◆ **Exercise prompt**: Word for word, give the data again without its pictures.

◆ **Data extract**:

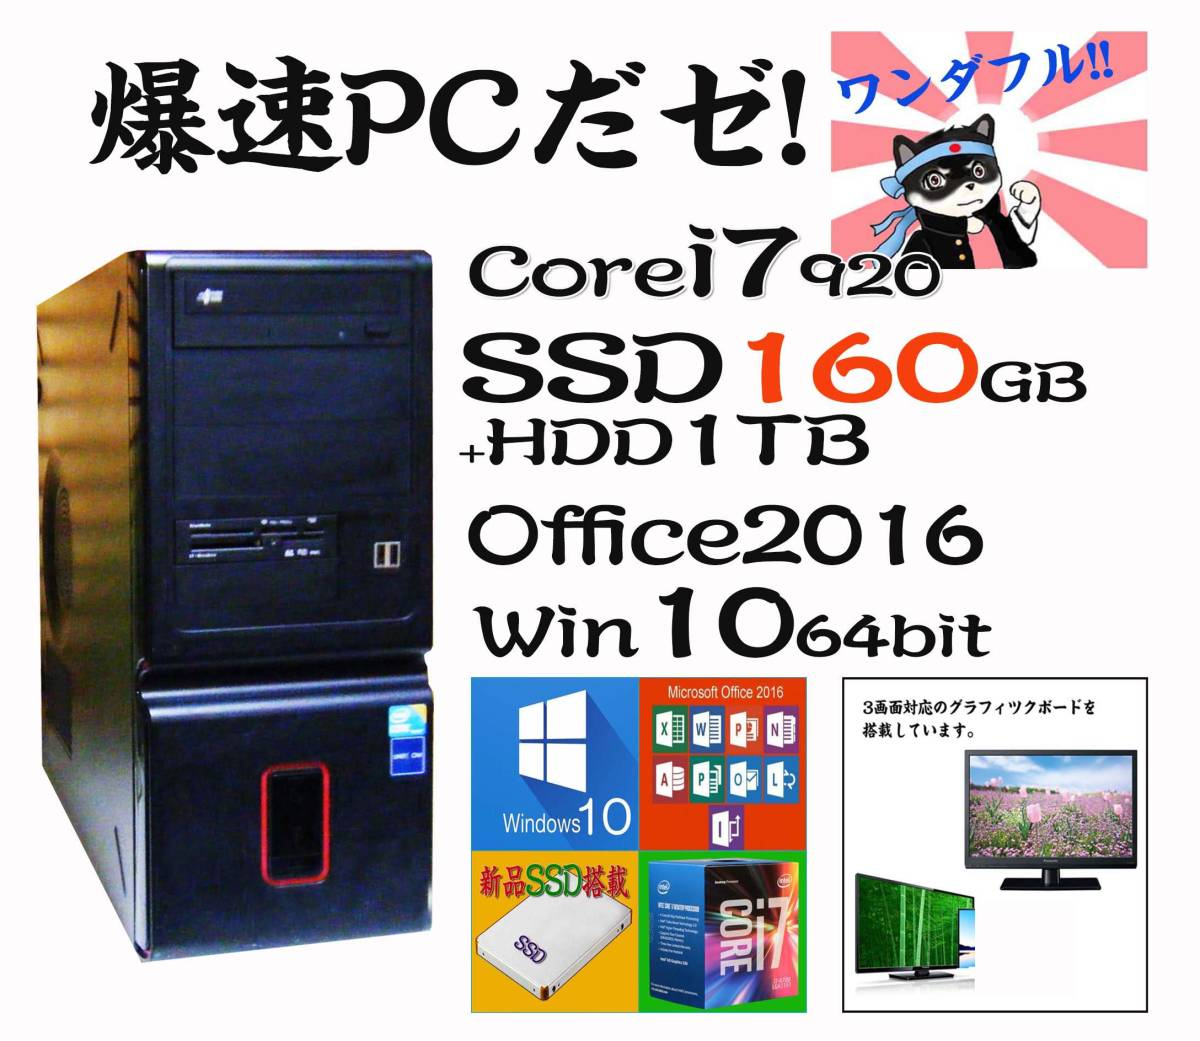 ◆ 秒速/i7 920/自作PMSI X58 ProE/新品SSD 160GB/HDD 1TB/Office2016/Win10Pro ◆
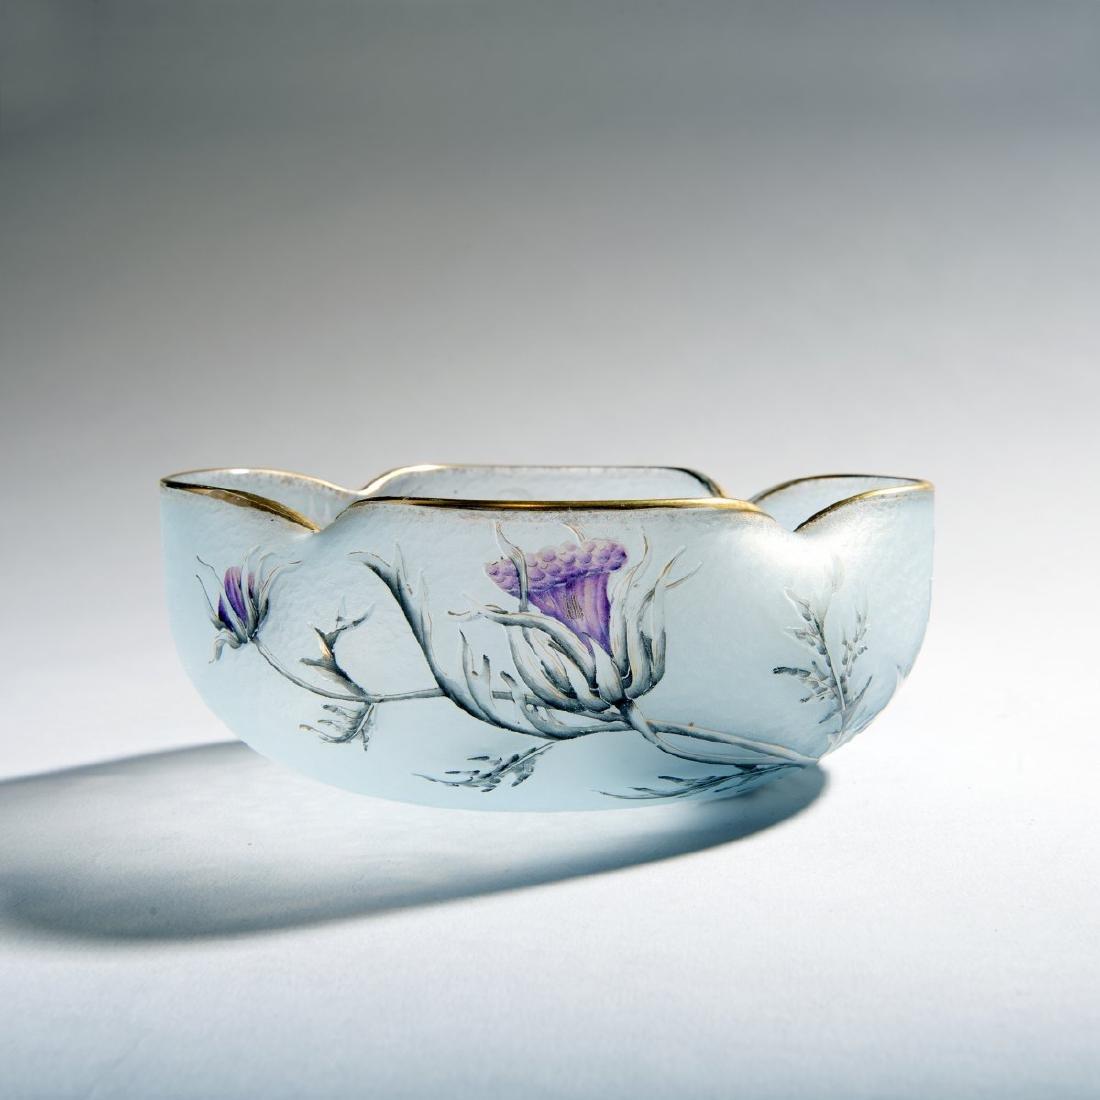 Daum Freres, 'Chardons en Fleurs', bowl, c. 1900
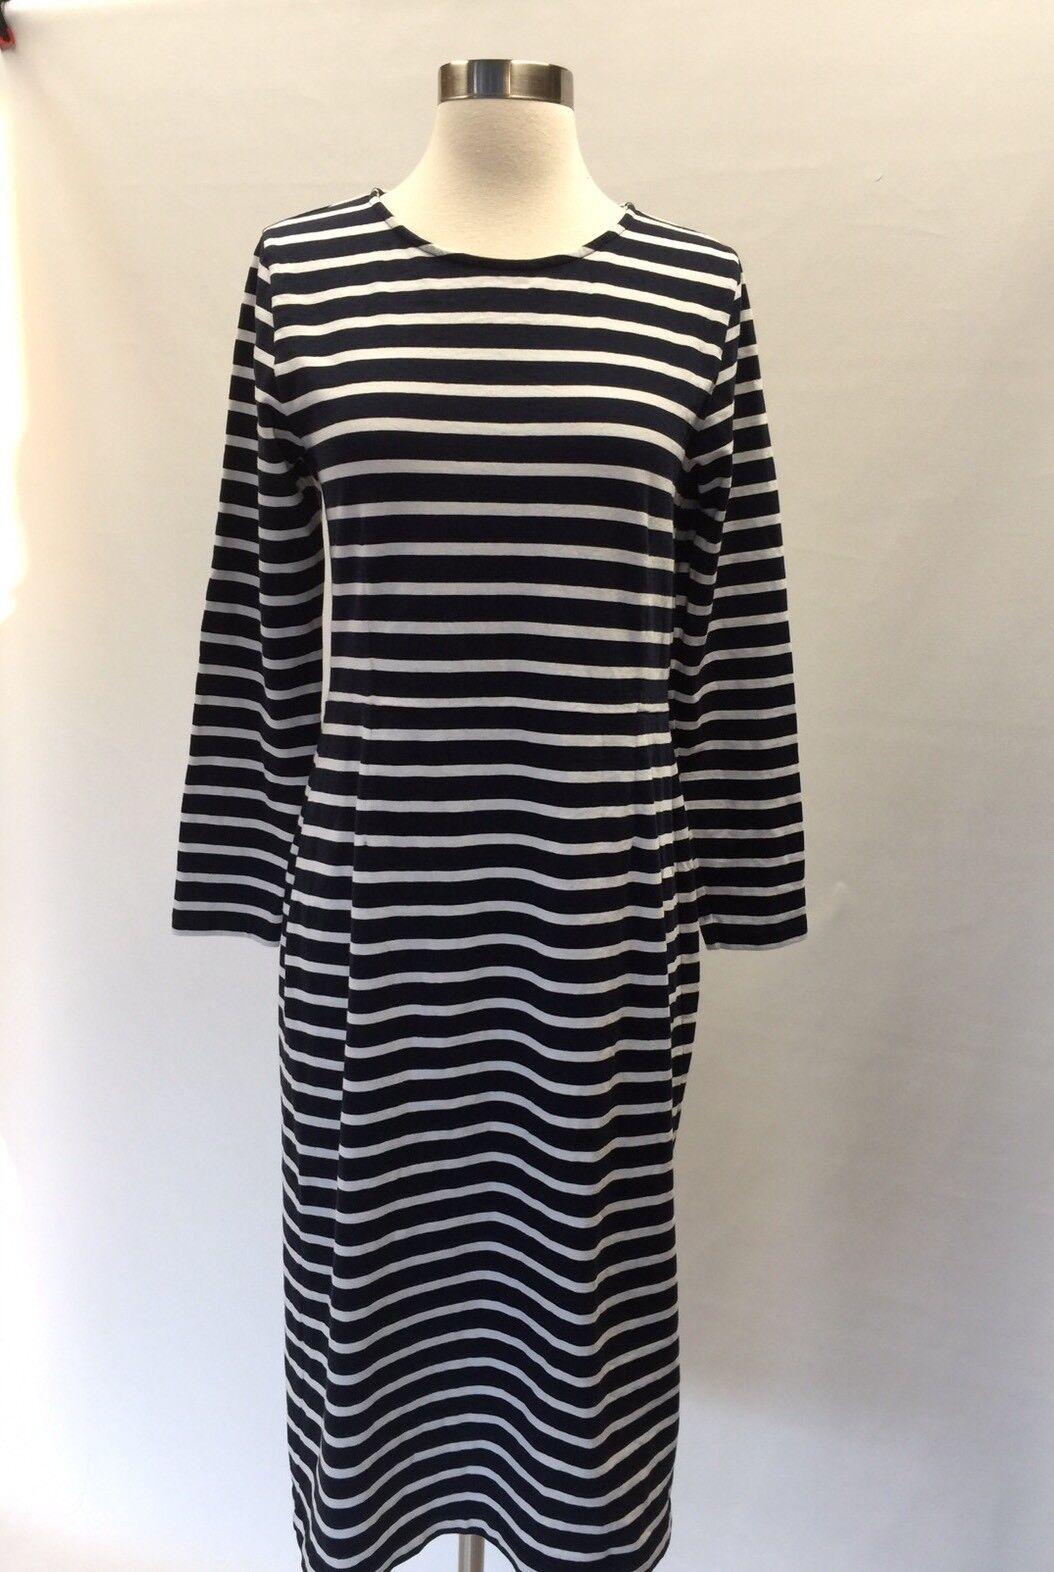 J.Crew Long Sleeve Navy Weiß Striped Cotton Sheath Dress G7980 Größe 10 New

◆ **Solution to this task**:
 ◆ 秒速/i7 920/自作PMSI X58 ProE/新品SSD 160GB/HDD 1TB/Office2016/Win10Pro ◆
 Daum Freres, 'Chardons en Fleurs', bowl, c. 1900
 J.Crew Long Sleeve Navy Weiß Striped Cotton Sheath Dress G7980 Größe 10 New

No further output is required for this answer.